La post-production de Perconte se pose en opposition avec la recherche de perfection (imitation, hyperréalisme, détails…) que l’on veut faire porter aux technologies numériques. Car l’important n’est pas là .
Dans son livre La technologie dans l’art, Edmond Couchot montre que le scandale et bouleversement qu’a donné lieu l’impressionnisme et le néo-impressionnisme, qui s’emploient à  montrer par leur pratique picturale ‟comment fonctionne la machine-oeil dans la vision des couleurs”, aurait pour conséquence de mettre le regardeur dans une position active. ‟Regarder une peinture impressionniste, c’est la recréer mentalement et jouir de cette recréation”, ici, le regard est amené à  suivre les mouvements et les transformations de l’image même. Observer sa fragmentation.

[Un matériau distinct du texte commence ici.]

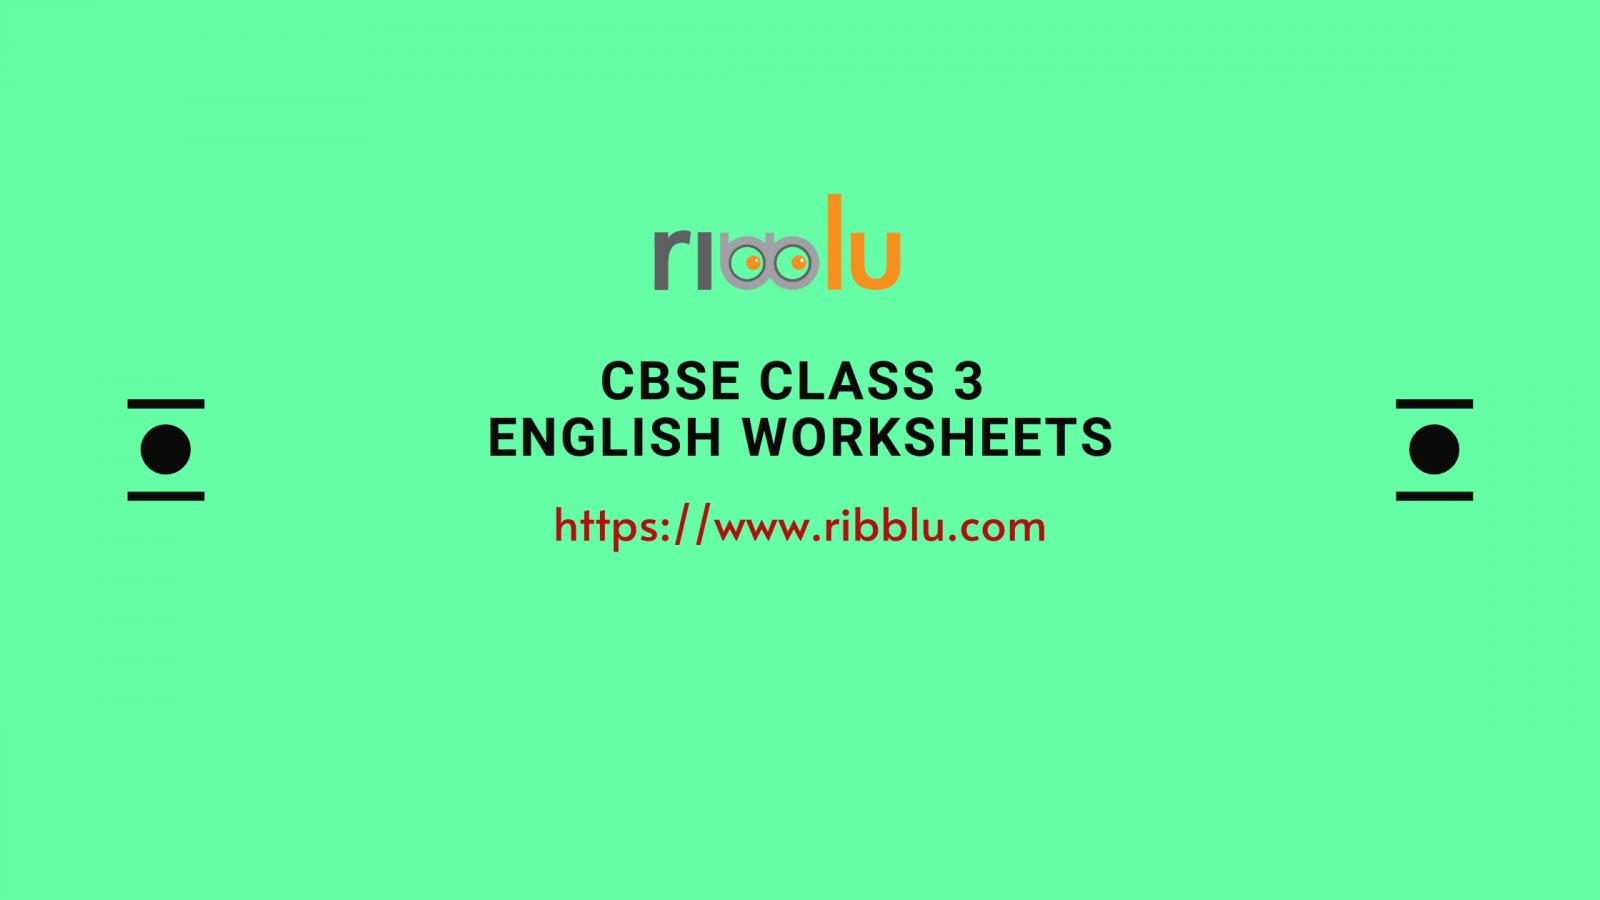 CBSE Class 3 english Worksheets

En ce qui concerne la médiation du travail de Jacques Perconte, le projet toujours en cours est présenté sur le site de l’artiste, le réseau lui ouvrant de nouvelles perspectives. Ainsi, on peut suivre l’historique, de l’avant-projet aux différentes étapes, aux réactions, idées de l’artiste par rapport à  son travail. Ceci, sous une sorte de journal daté, de prises de notes dans un carnet. Le réseau nous invite donc à  nous intéresser au processus, et aux à -côtés de l’oeuvre close. Il nous permet de suivre l’artiste dans ses raisonnements divers, de la technique pure à  une recherche d’ordre esthétique et théorique face à  son oeuvre. De comprendre aussi cette logique expérimentale qui sous-tend son travail, et qui s’exprime encore ici sous la forme écrite.